# Workshop plans?



## Chris (Sep 15, 2003)

Any got some good advice for helping me layout and design a new workshop? I was going to use the US BUILDINGS steel building A-frame arch but decided to sell that one and build a simple wooden frame building instead. Would like to use same clay foundation which is set for a 20x30 building (actually it is like 24x36 I think) --- would like to have high ceilings simple walls, concrete floor etc. Large door for car/tractor access and 2 regular doors. Would like some ideas and comments about building cheaply (no snow load issues here) 

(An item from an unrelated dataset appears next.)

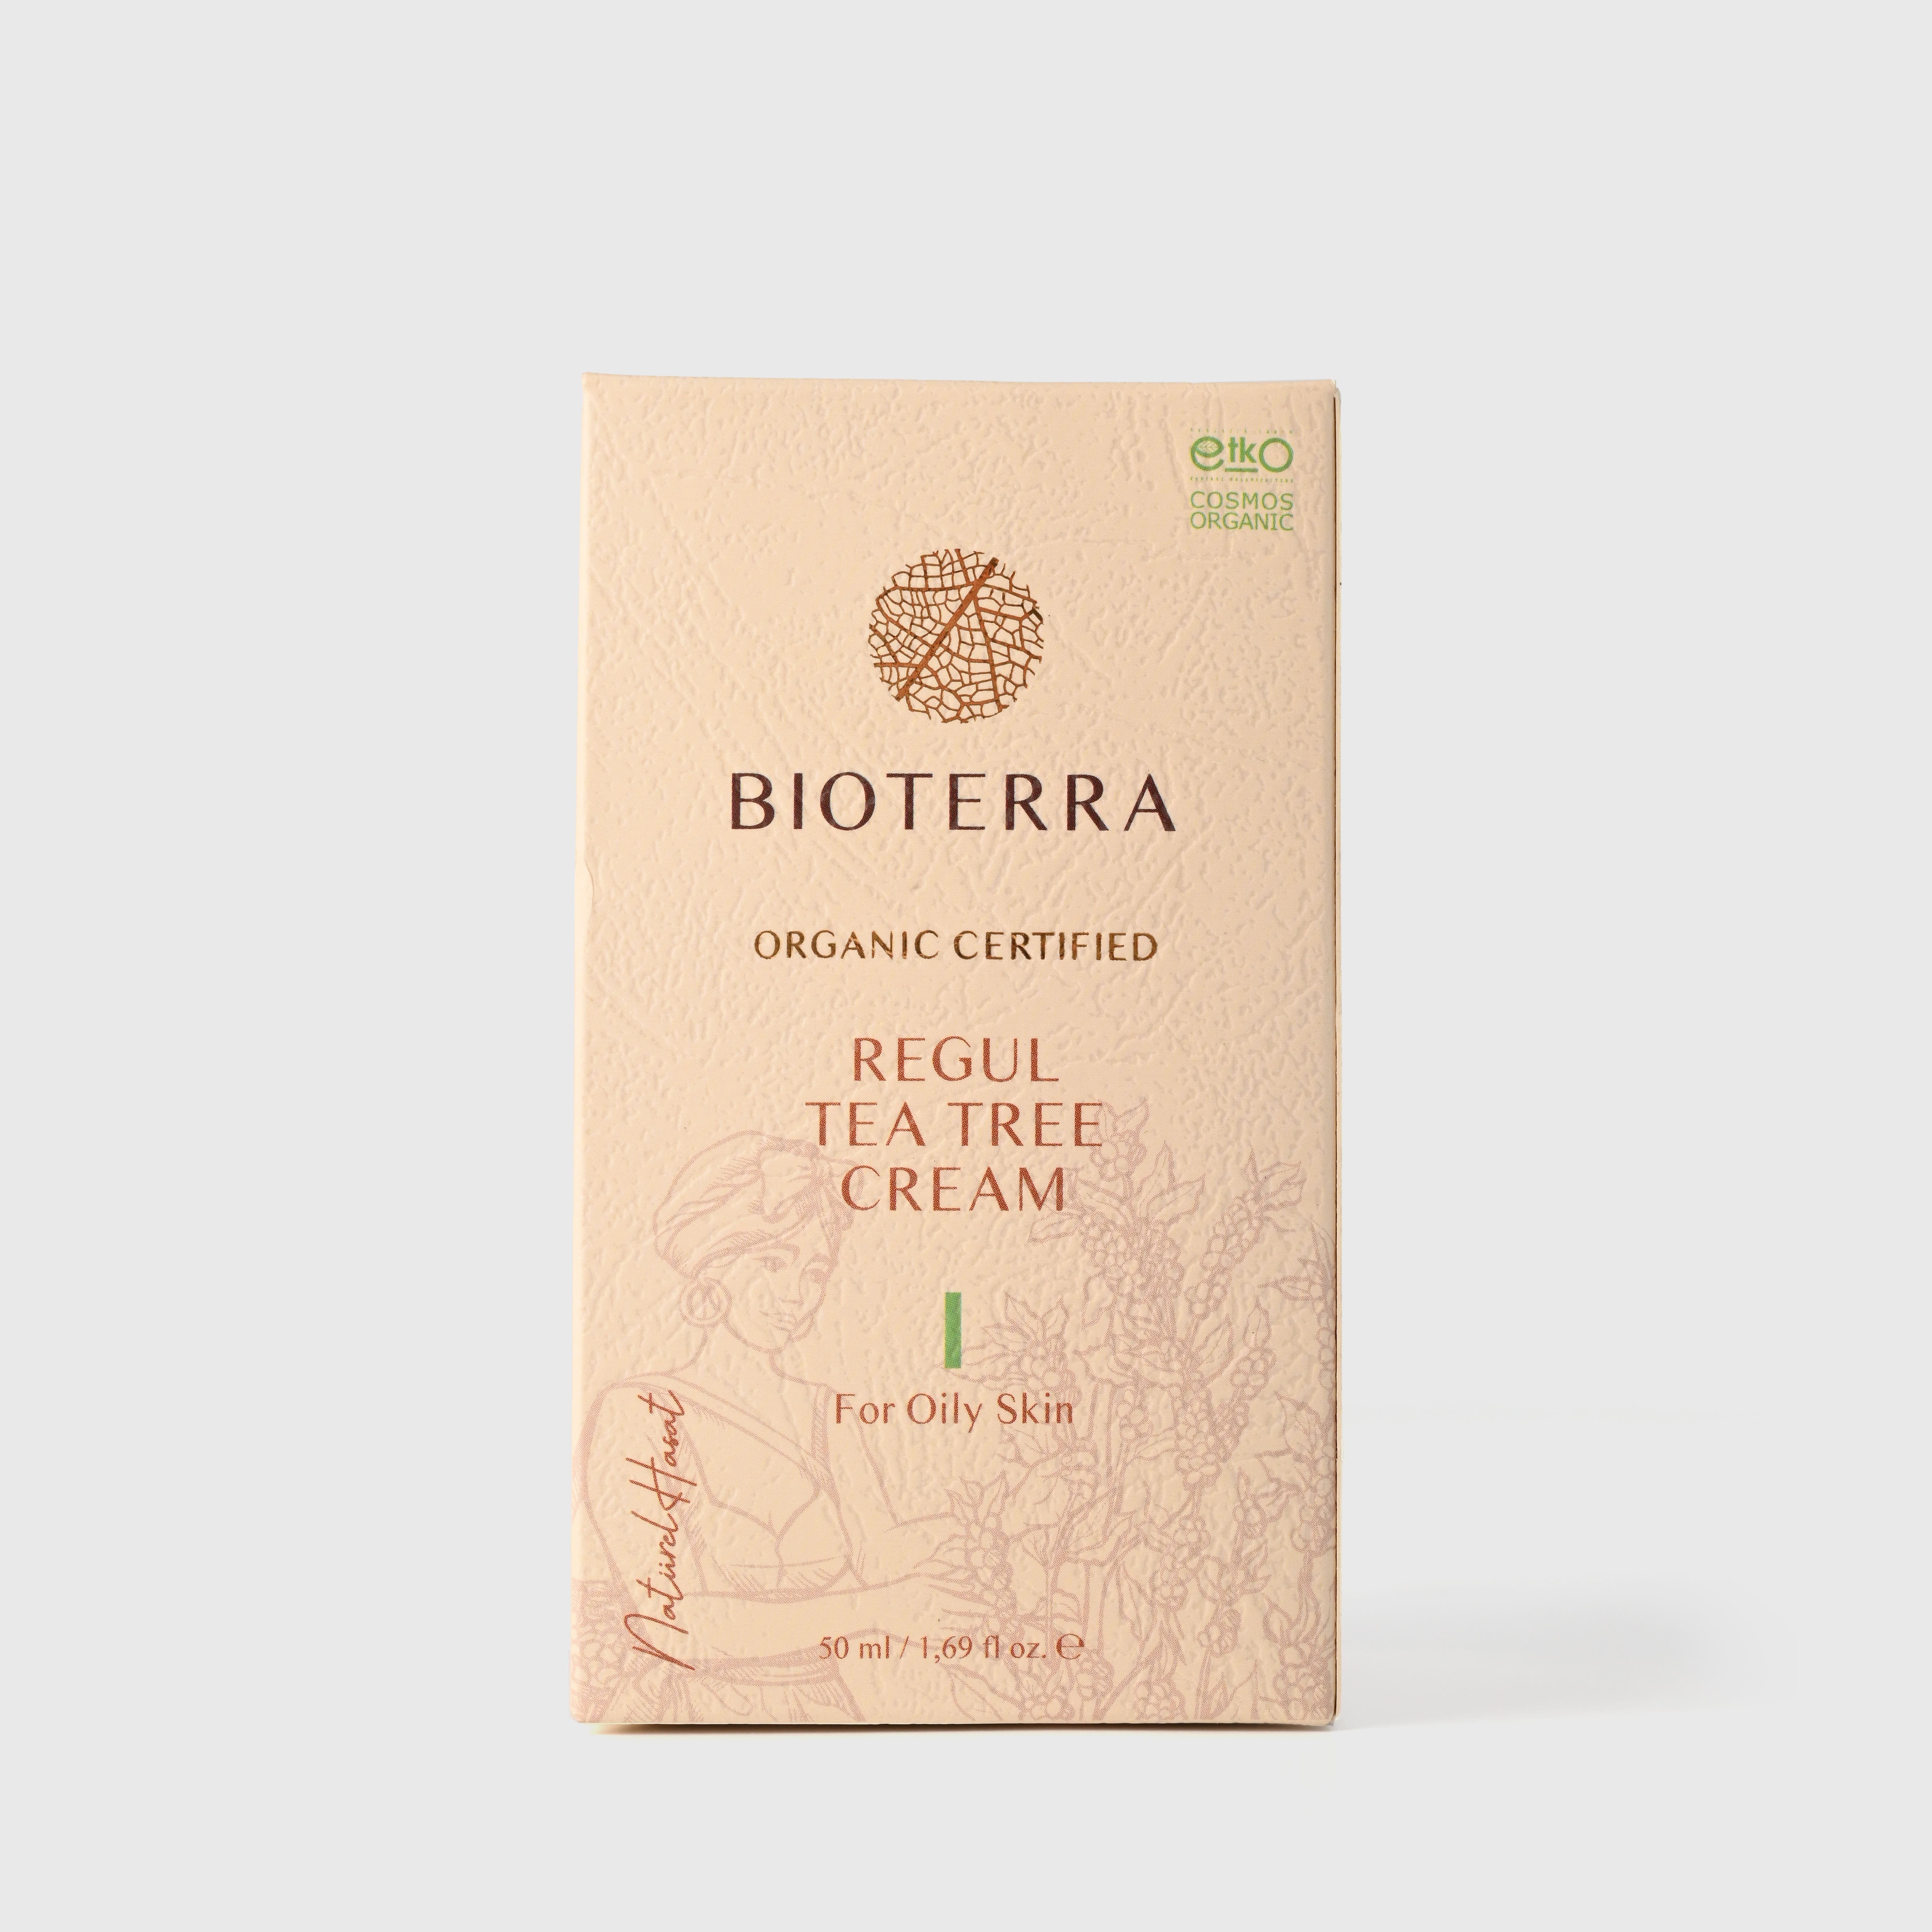 Naturkosmetik Bio Creme BIOTERRA 1-tlg. Vegan Nachhaltig, Teebaum Regulierende Gesichtspflege 50ml

I am good at buildings and volunteer for local church and Habitat for Humanity but sometimes people have great ideas for smaller buildings that can really help. About how much cost involved in non-insulated slab building this size? 

Andy


----------



## Greg (Sep 16, 2003)

Andy,

Do you have any specific questions on building your new workshop? 

Greg


----------



## Chris (Sep 15, 2003)

I was really just throwing out some ideas I had and was trying to think outloud I guess.  ---- Thanks for taking the time to answer ---- I will try to define exactly what my questions will be shortly ---------------- Thanks.

Andy


----------



## dougand3 (Sep 16, 2003)

Here is a materials list I worked up for a 16x24 Tractor Shed that I'm building. It should open in notepad or higher word processor.


----------



## Ingersoll444 (Sep 17, 2003)

> _Originally posted by admin _
> * About how much cost involved in non-insulated slab building this size?
> 
> Andy *



You know? I was going to ask why no insulation? Don't you plan to work in the winter Then I rememberd....................AHHHHHHh Thats right he's in the south... DOOO hhh

I'm a little slow sometimes.


----------